**THE DATA**
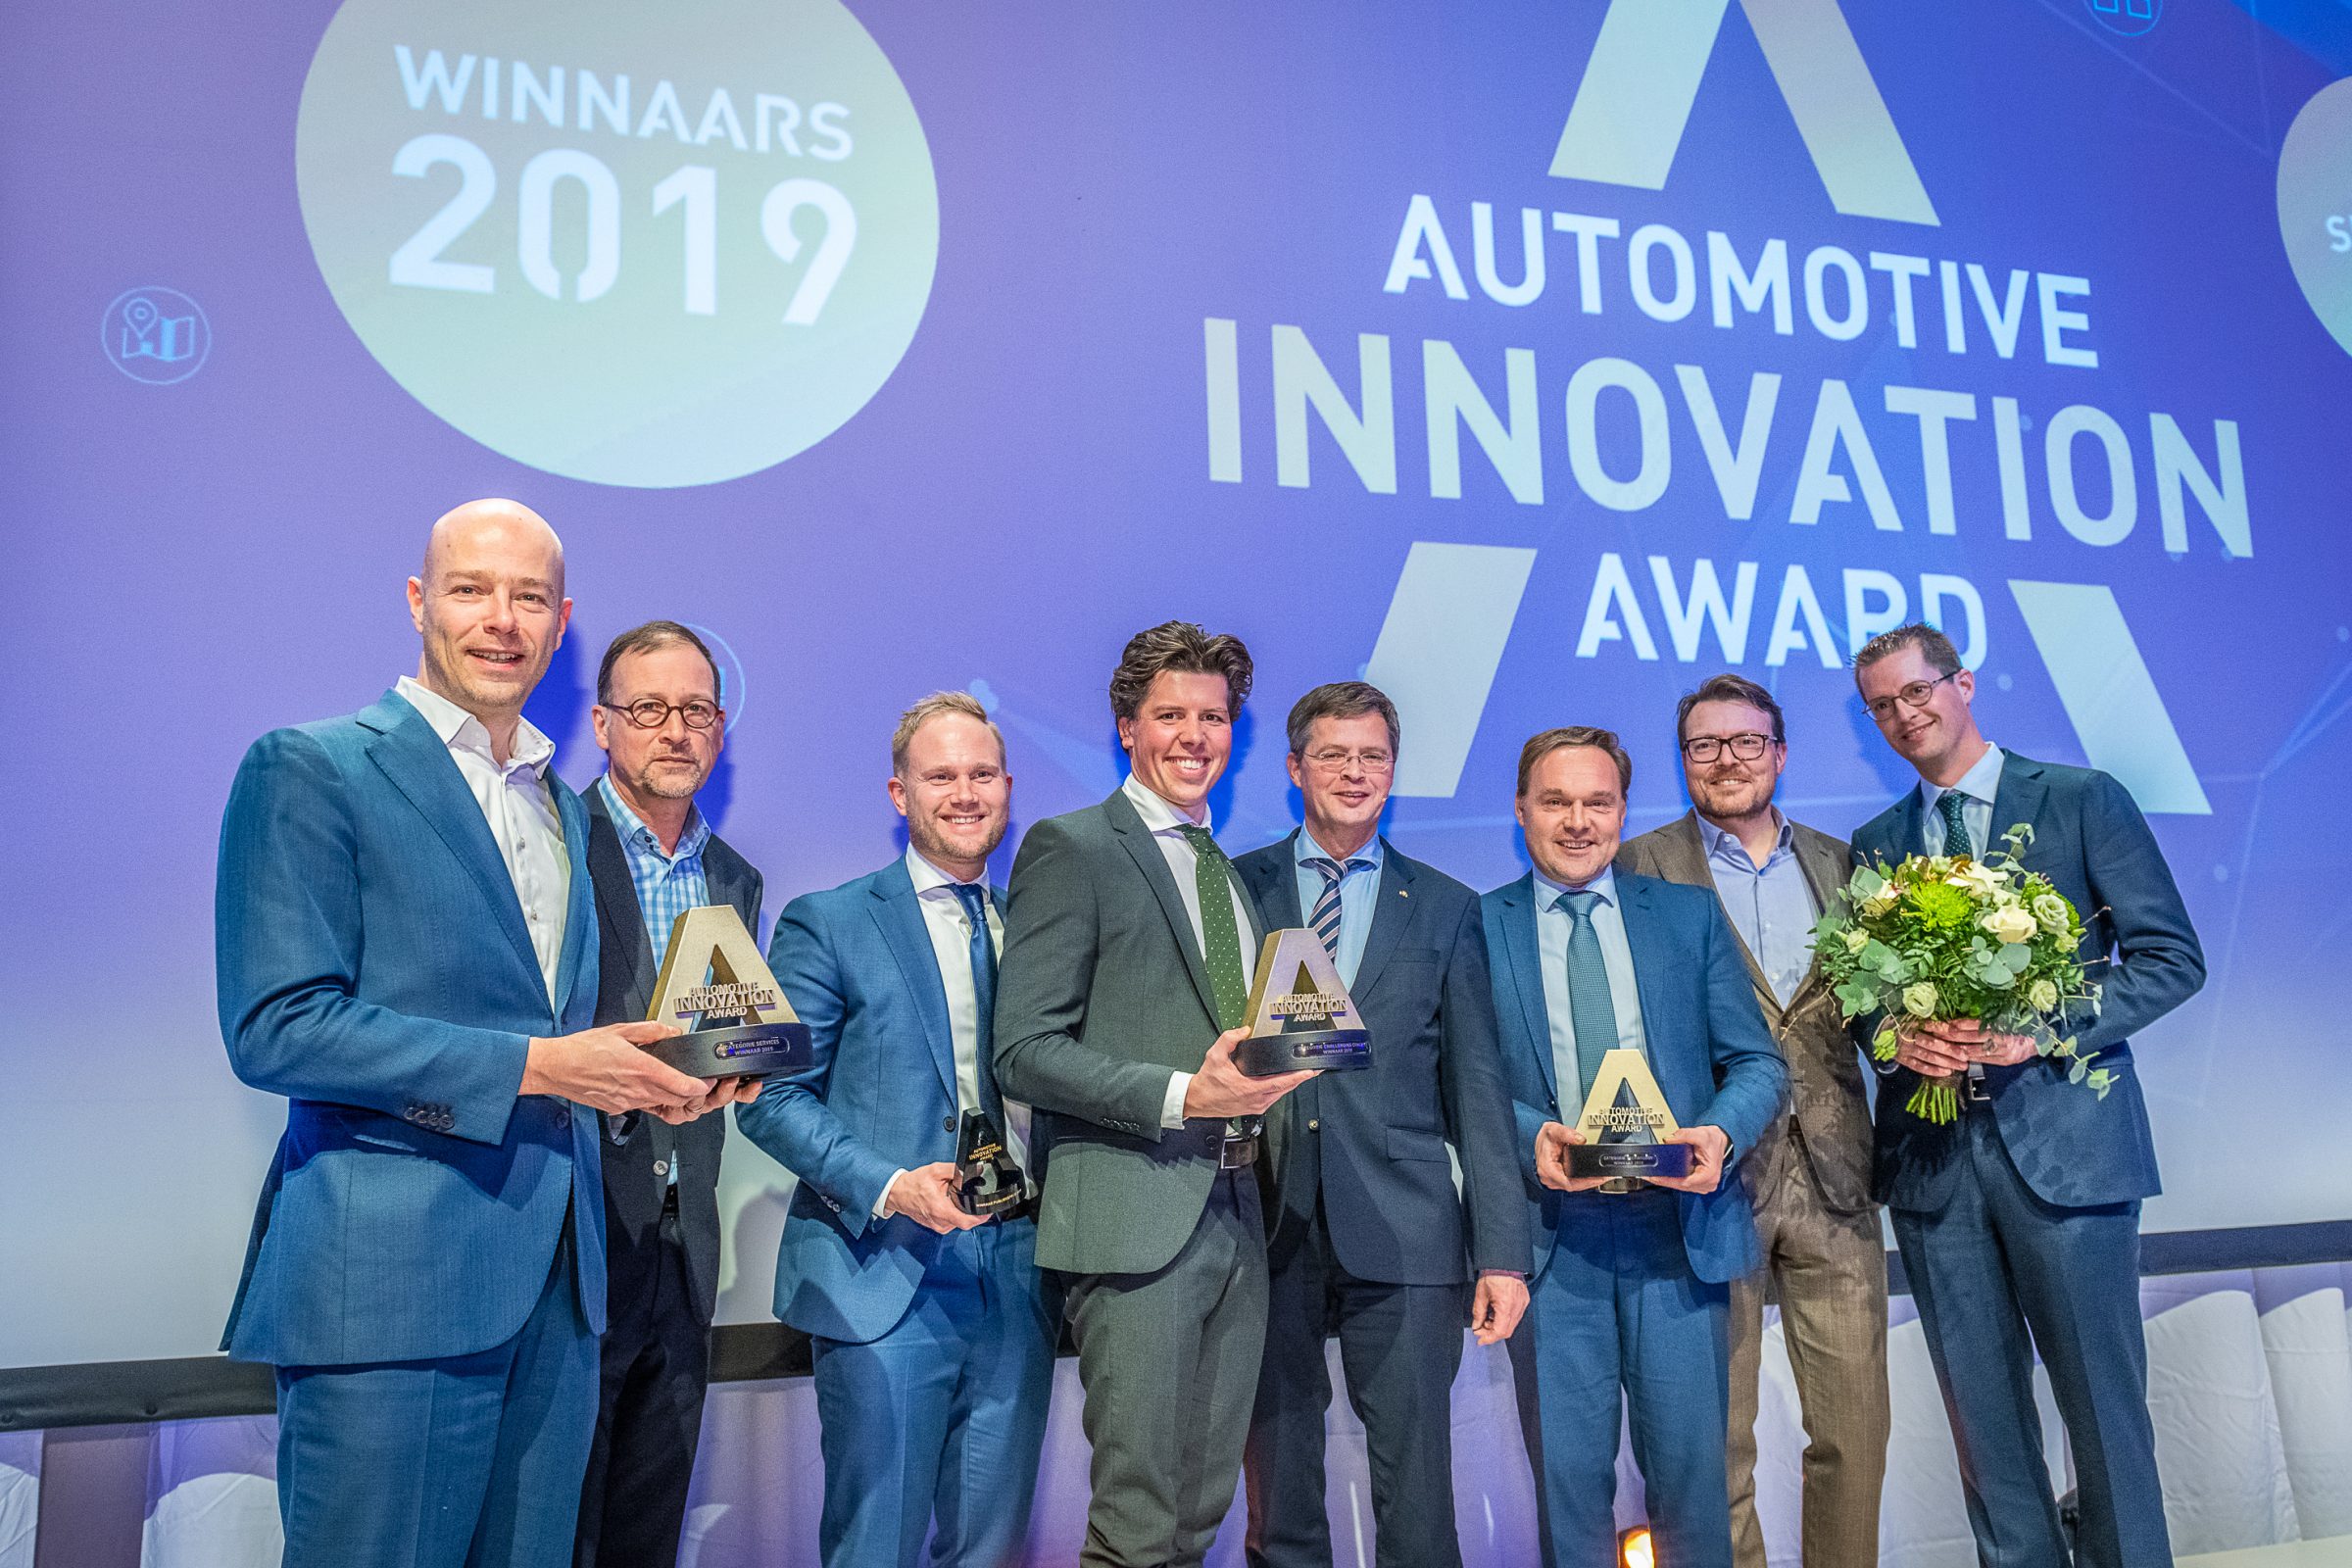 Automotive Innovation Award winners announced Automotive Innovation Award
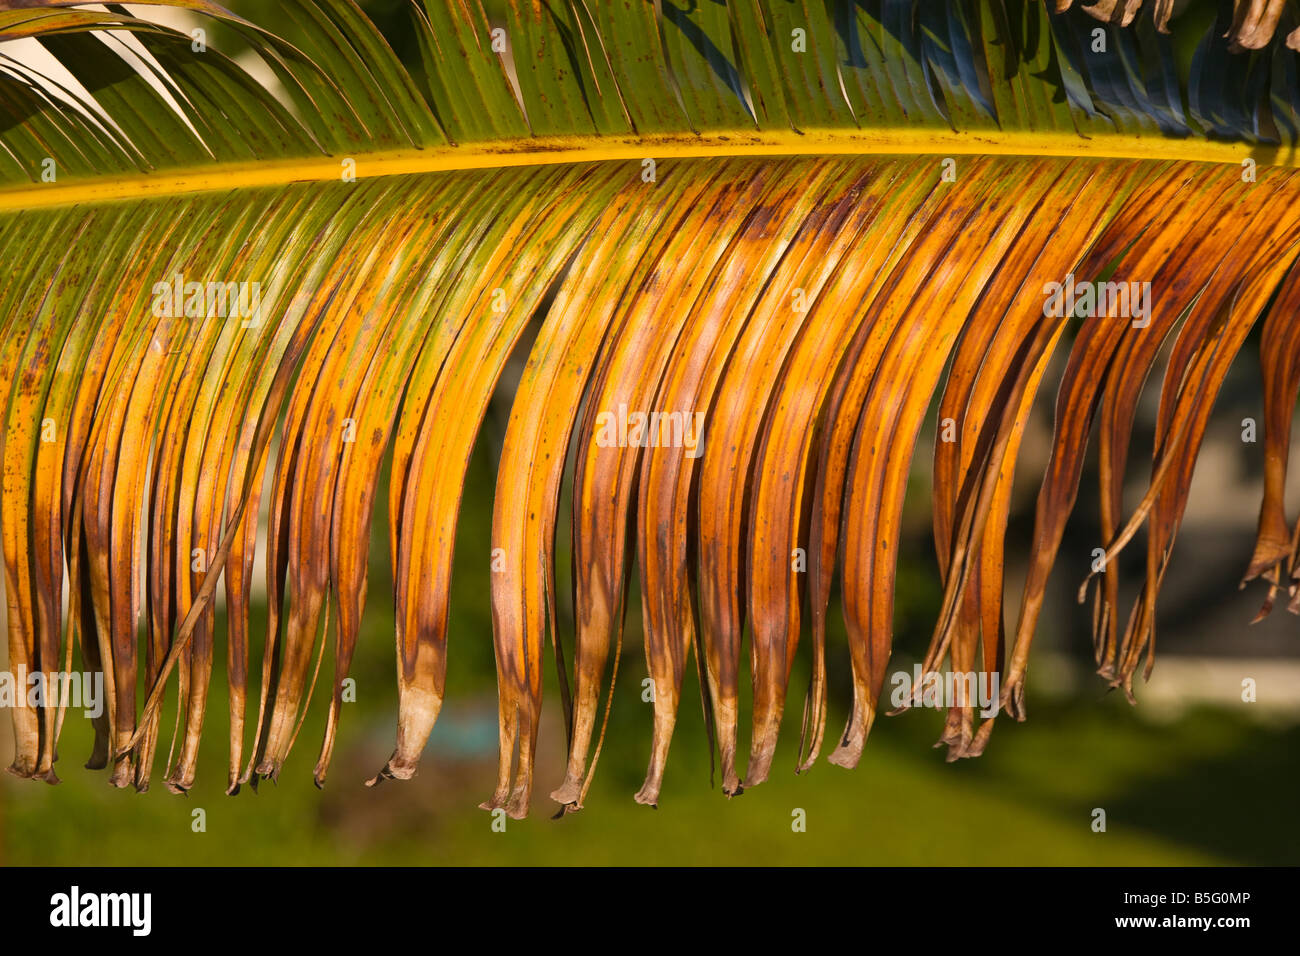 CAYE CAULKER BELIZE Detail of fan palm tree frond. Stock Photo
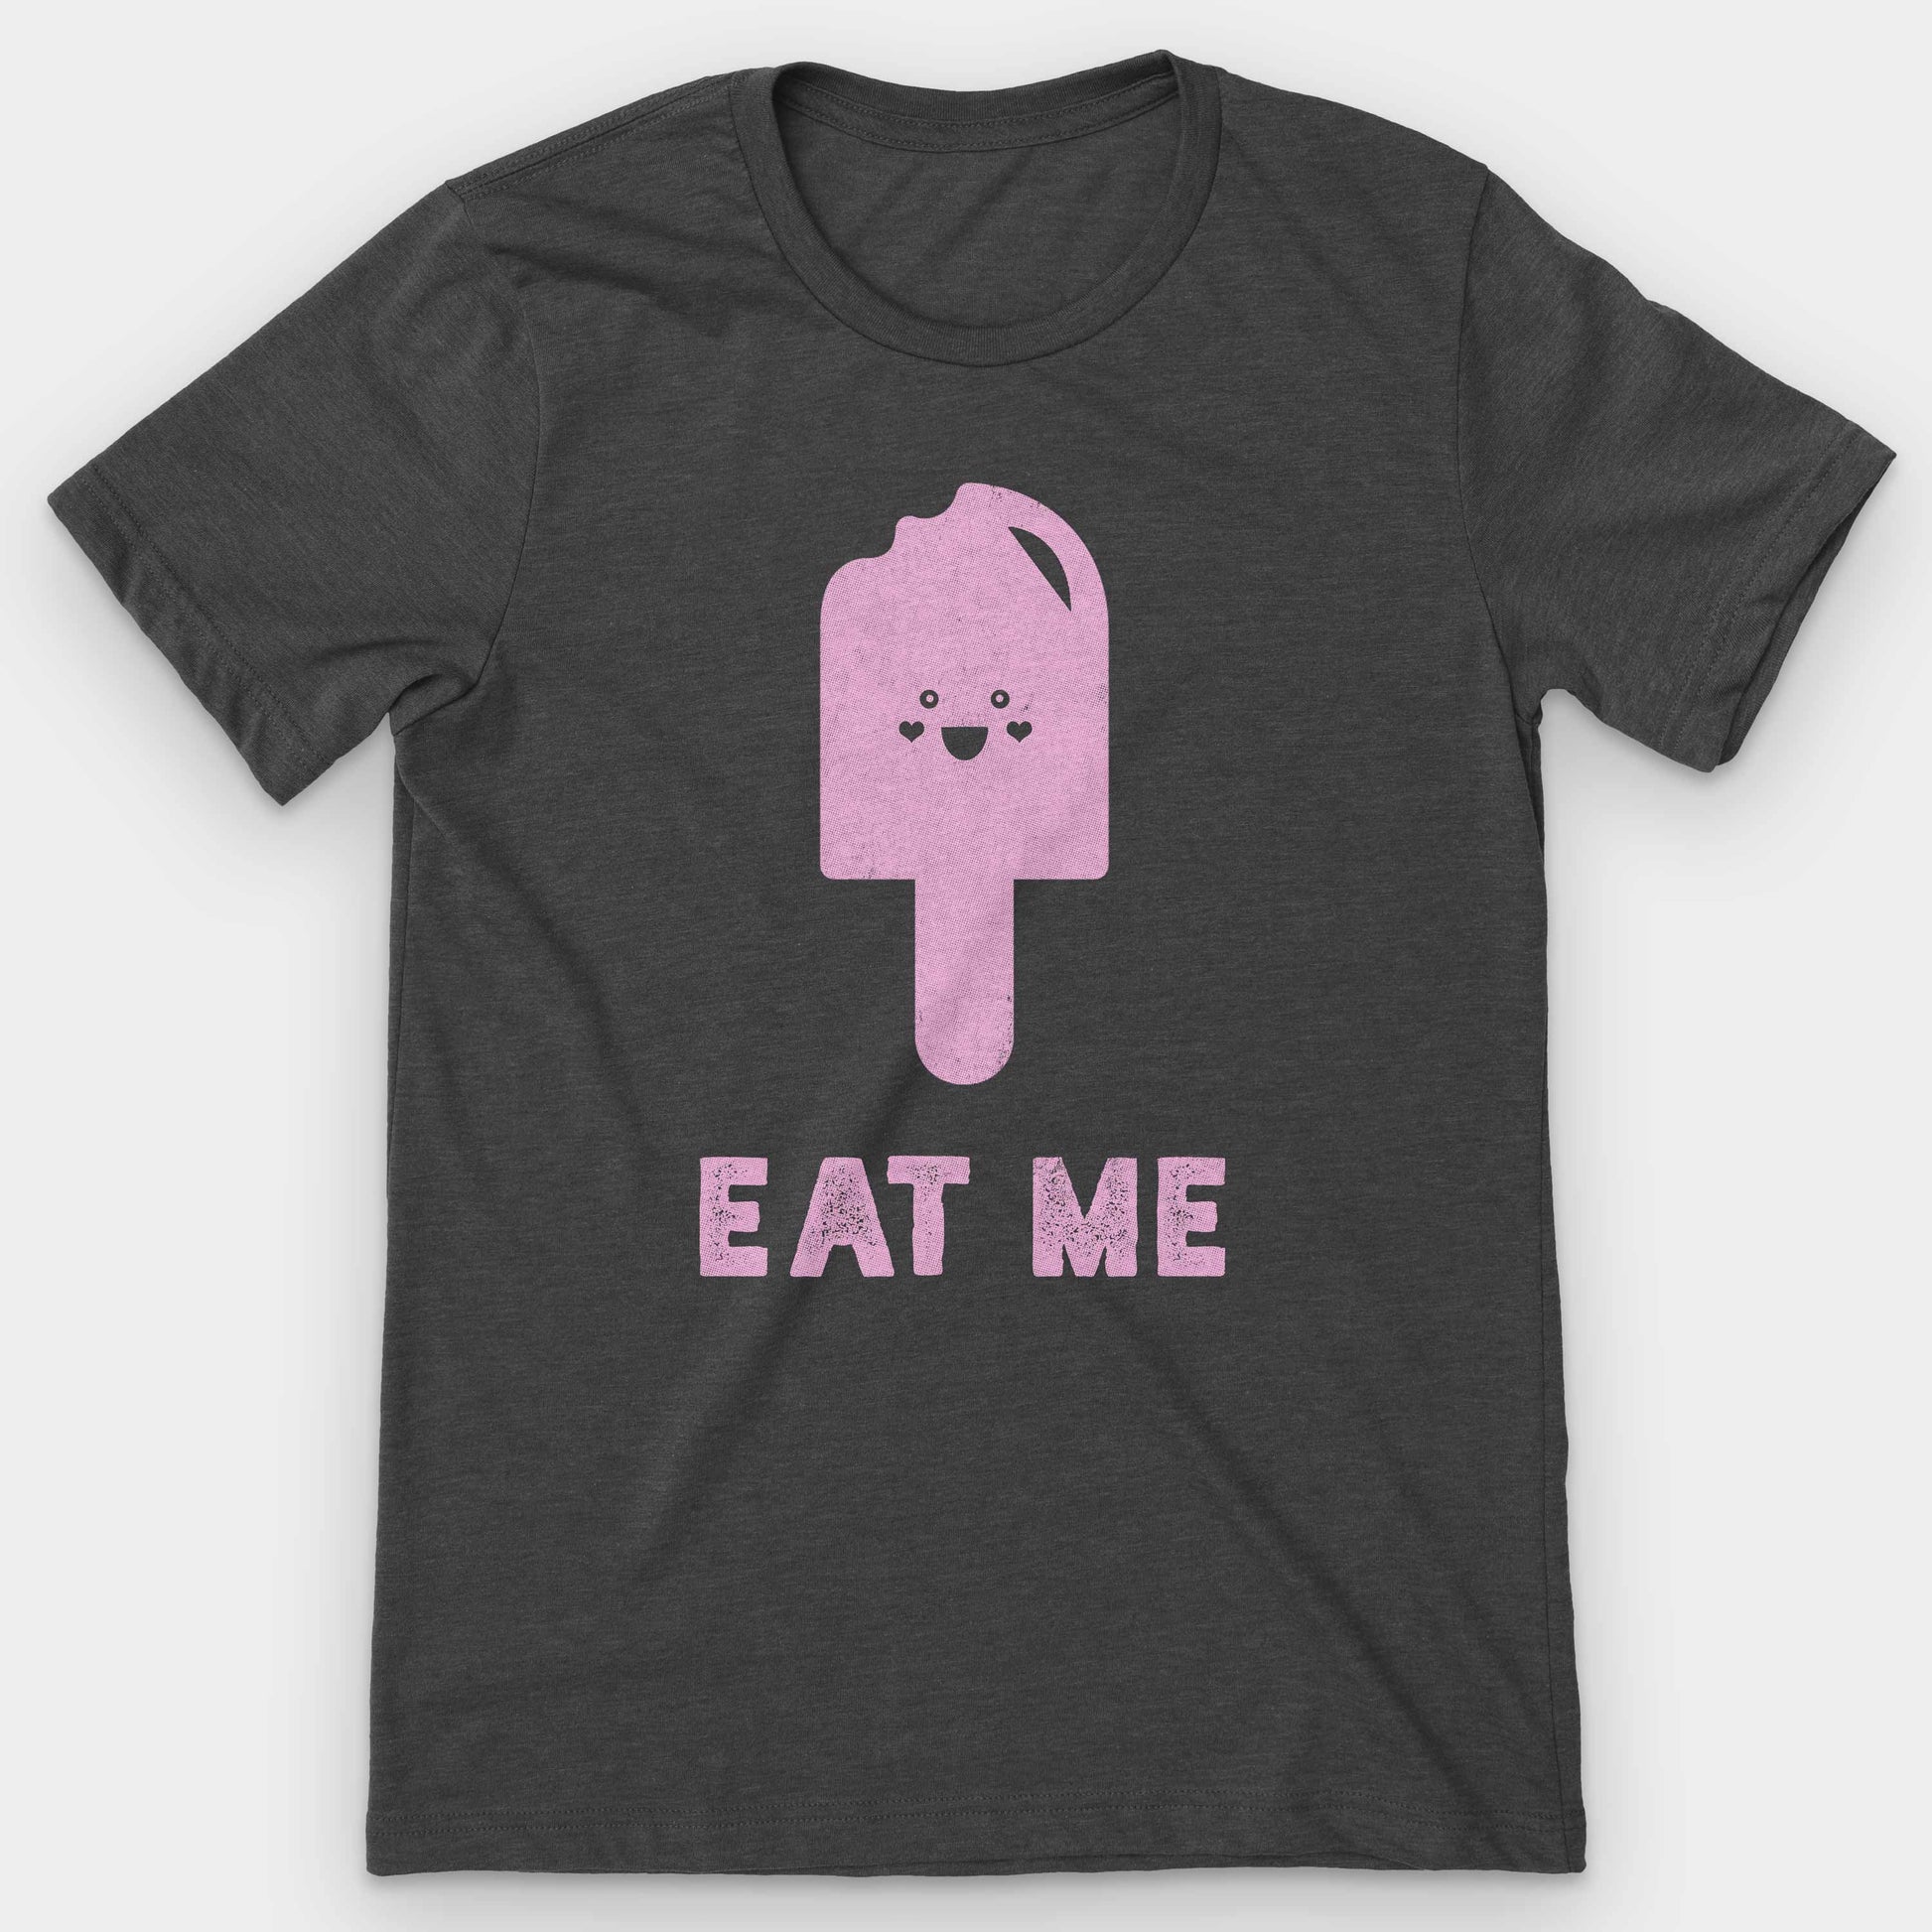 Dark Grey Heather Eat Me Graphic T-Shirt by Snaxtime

**EXERCISE REQUIREMENTS**
Excluding the images, copy all of the material above verbatim.

**WRITTEN RESPONSE**
 Automotive Innovation Award winners announced Automotive Innovation Award
 CAYE CAULKER BELIZE Detail of fan palm tree frond. Stock Photo
 Dark Grey Heather Eat Me Graphic T-Shirt by Snaxtime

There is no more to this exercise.